Artykuły

Hamlet z floretem...

Rychło Hamlet pojawi się znów przed nami. Nowa premiera, nowa inscenizacja, nowy odtwórca. Bardzo młody, niewątpliwie, utalentowany i wyjątkowo... wysportowany. Najpierw pokazał się na ekranie - jako jeździec w "Popiołach", potem był bokserem (w "Bokserze"), biegał w Disneylandzie, czyli "Jowicie", a także pokazał próbki swych zdolności lekkoatletycznych we "Wszystko na sprzedaż". Podkreślając powszechnie znaną sprawność fizyczną tego aktora, oczywiście zdaję sobie sprawę, że nie ten walor będzie decydować o ostatecznym powodzeniu niebywałego trudu, jaki trzeba przebyć, aby zagrać dobrze Hamleta na scenie. Jednak Hamlet bierze udział w walce na białą broń, a scena pojedynku jest w zasadzie kulminacyjną i w sposób ostateczny rozwiązuje całą akcję, kładąc kres życiu Hamleta. Po zadaniu i otrzymaniu cięć wypowie zaledwie już tylko kilka kwestii, w tym trzy parozdaniowe kończące ową, nieprzebraną resztę, która jest już tylko milczeniem.

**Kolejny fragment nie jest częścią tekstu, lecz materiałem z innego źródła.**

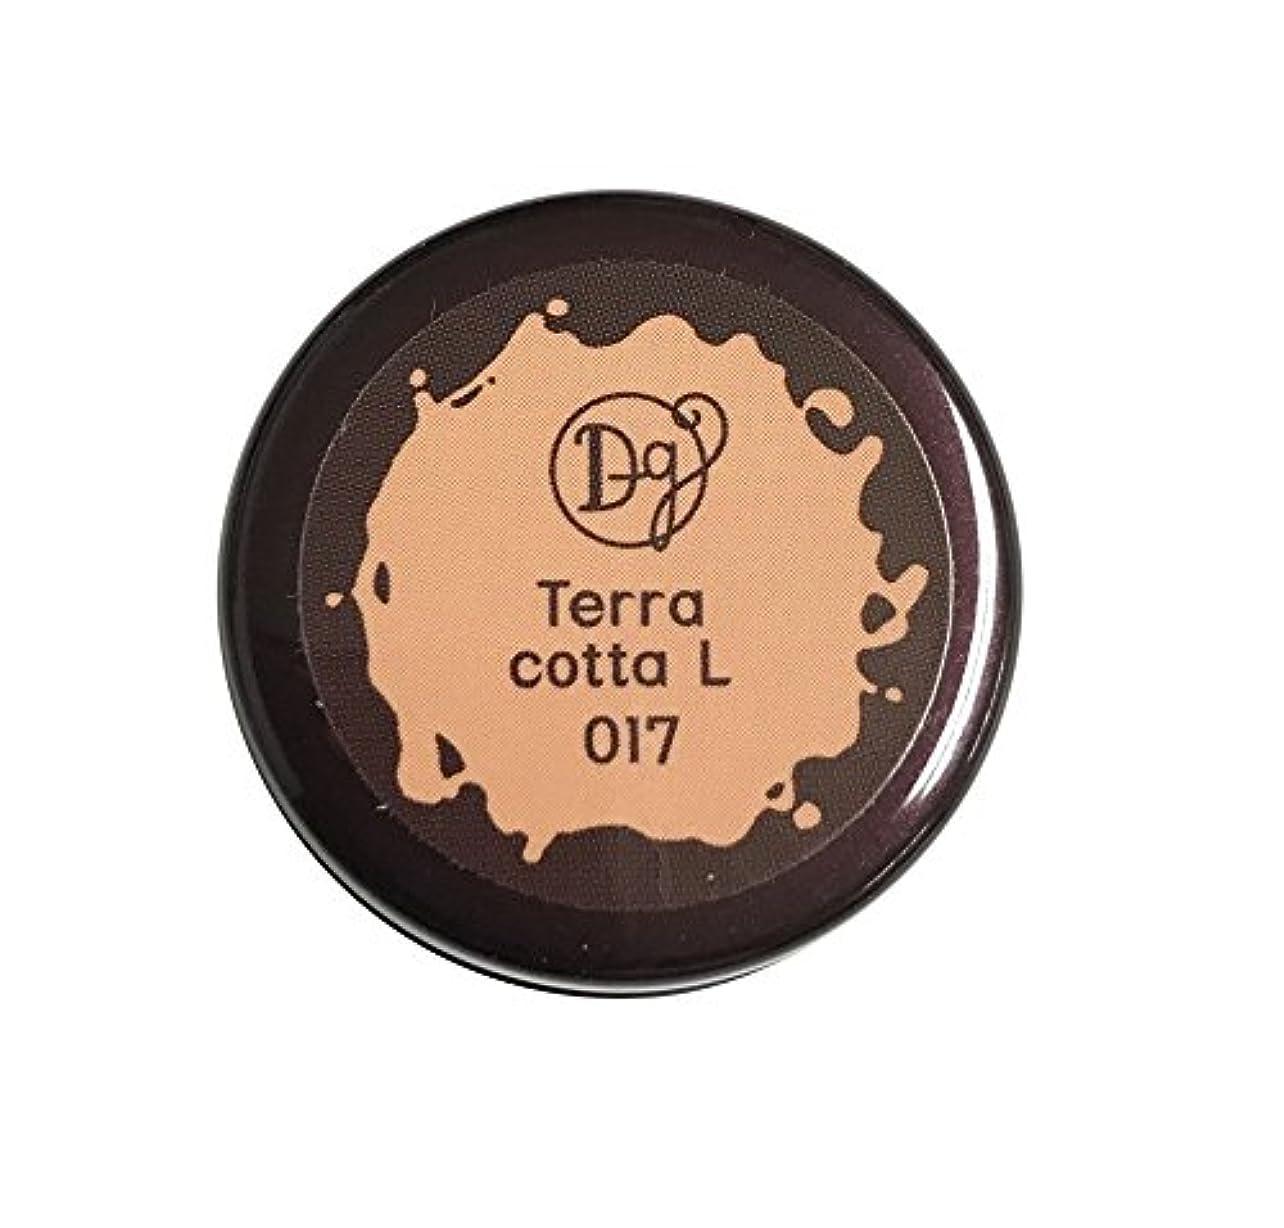 デコラガール カラージェル 017 テラコッタライト 3g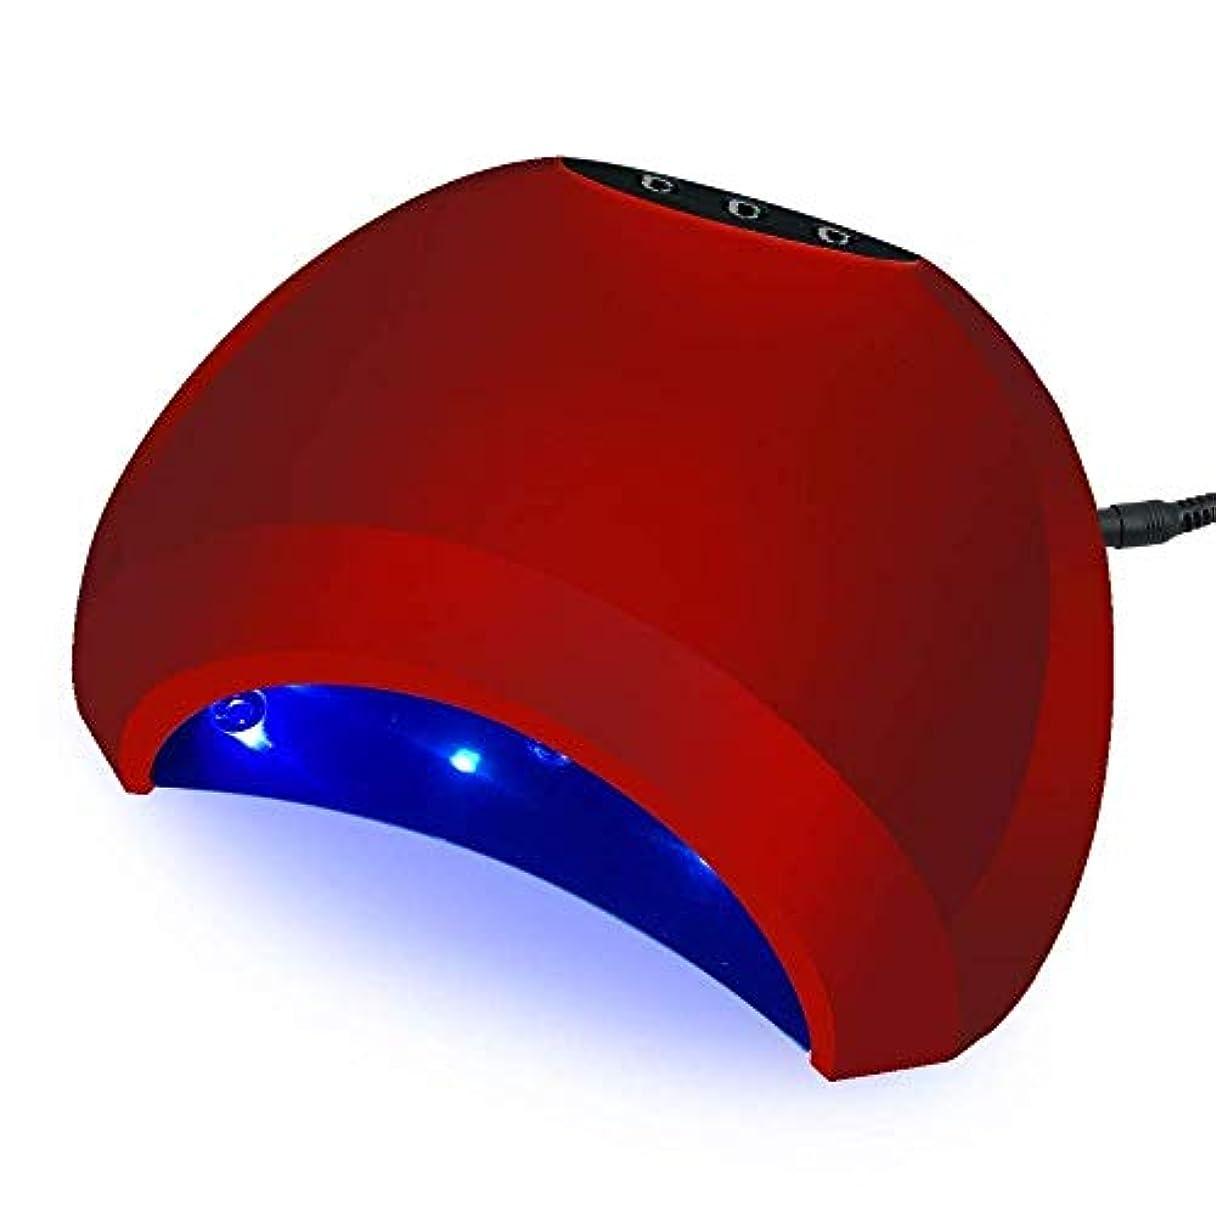 たまにボトル魅惑的なネイルドライヤー2019新しい48W太陽ランプマニキュア乾燥用UV LEDランプ用ネイルドライヤーネイルマニキュア機用ネイルポリッシュアイスランプ

I oto fechtować się będzie kolejny Hamlet z kolejnym Laertesem. Daniel Olbrychski z Damianem Damięckim stoczą pojedynek na florety. Na podstawie przekładu Władysława Tarnawskiego i opracowania tekstu Stanisława Helsztyńskiego, rodzaj broni nie może budzić wątpliwości. Laertes woła: - Dalejże, dawajcie floret! Hamlet zaraz mu odpowie: - I'll be your foil. Ja dla was tłem tu będę, Laertesie. Jak gwiazda pośród najciemniejszej nocy/ Błyśniecie jasno przy mej niezdarności/ Swą wprawą.

Szekspirolodzy podkreślają tragizm ironii zawartej w słowie "foil", która oznacza zarówno floret, jak i "tło podkreślające czyjąś wartość'.

A więc pojedynek na florety! Floret! - a więc Parulski, Frankę, Woyda, Różycki, Skrudlik i inni. Nazbierało się sporo znakomitych mistrzów floretu, a warto dodać, że niejeden z nich nauczył się szermierki w warszawskim Marymoncie pod okiem zmarłego przed paru laty starego fechmistrza Władysława Dobrowolskiego. - Trenowałem i ja w Marymoncie z panem Dobrowolskim. Zostałem jednak aktorem, nie florecistą - powiedział Damięcki w czasie próby sceny pojedynku. Był zgrzany, zmęczony, ubrany w dżinsy i pulower z zawiniętymi rękawami. Wyglądał na zawodnika, a i sala prób Teatru przez chwilę bardziej przypominała zwyczajną salę treningową, aniżeli dostojny przedsionek, skąd tylko parę kroków dzieli do wyjścia na Narodową Scenę mieszczącą się w gmach a, przed którym stoi Wojciech Bogusławski.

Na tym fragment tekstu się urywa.